Hank leans in to kiss him but pauses when he hears something.
It’s an animal cry, a heartbreaking whimpering noise that Hank follows to the cardboard box tucked beside the church steps.

FREE is scrawled across the side in permanent marker and inside is a single white and brown puppy, sitting on soiled newspaper.
Connor gasps, reaching down to gather it into his arms. The sad creature reeks, its downy fur is filthy, though it can’t be more than a few weeks old. It has adorable floppy ears and big sad eyes. Of course Connor can’t resist it, Hank can’t really either, if he’s being honest.
Connor doesn’t even haven to say anything, he just looks at Hank with eyes as wide as the sad little puppy and Hank relents.
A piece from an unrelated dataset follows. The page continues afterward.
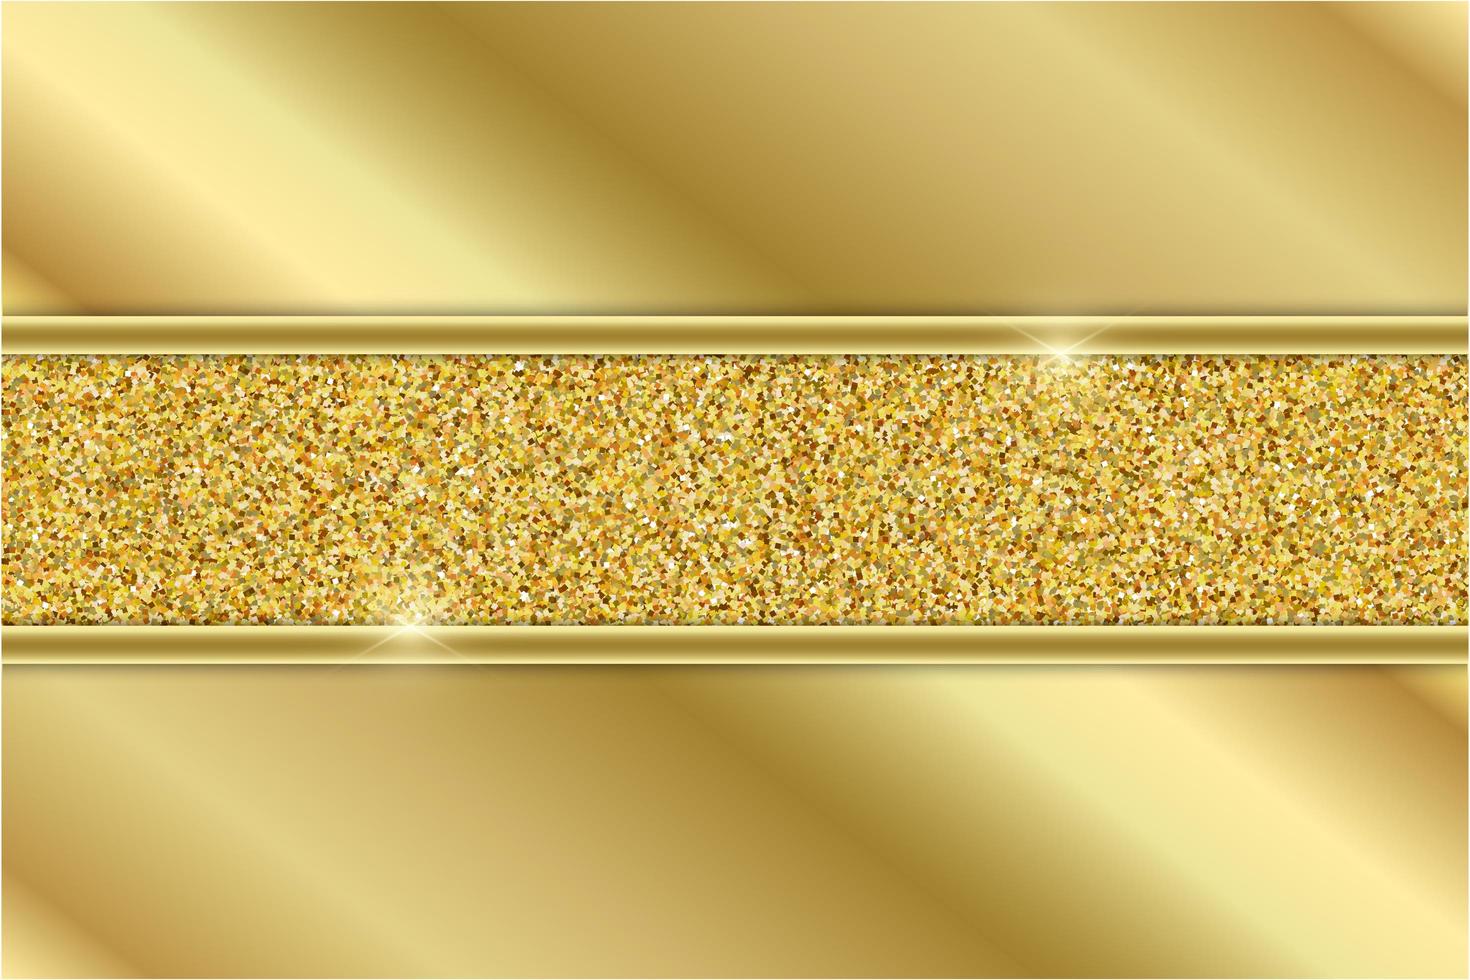 pannelli oro metallizzati con sezione glitterata dorata vettore

“If it pisses on the mattress, you can clean it up,” he grumbles, though he can’t help but smile. The puppy licks Connor’s fingers and Connor giggles.
Adam is just as enamoured with it and soon enough they’re on their way to the nearest pet store, arguing about names.

Hank overrules both of them with ‘Sumo’ when he’s sure it’s about to come to blows, and considering Hank is pretty sure this dog is going to be huge, it fits.
So maybe their weird little family is expanding. They’ll make room.

For now the sun is out and Hank’s world just got a little bit bigger and a little bit brighter.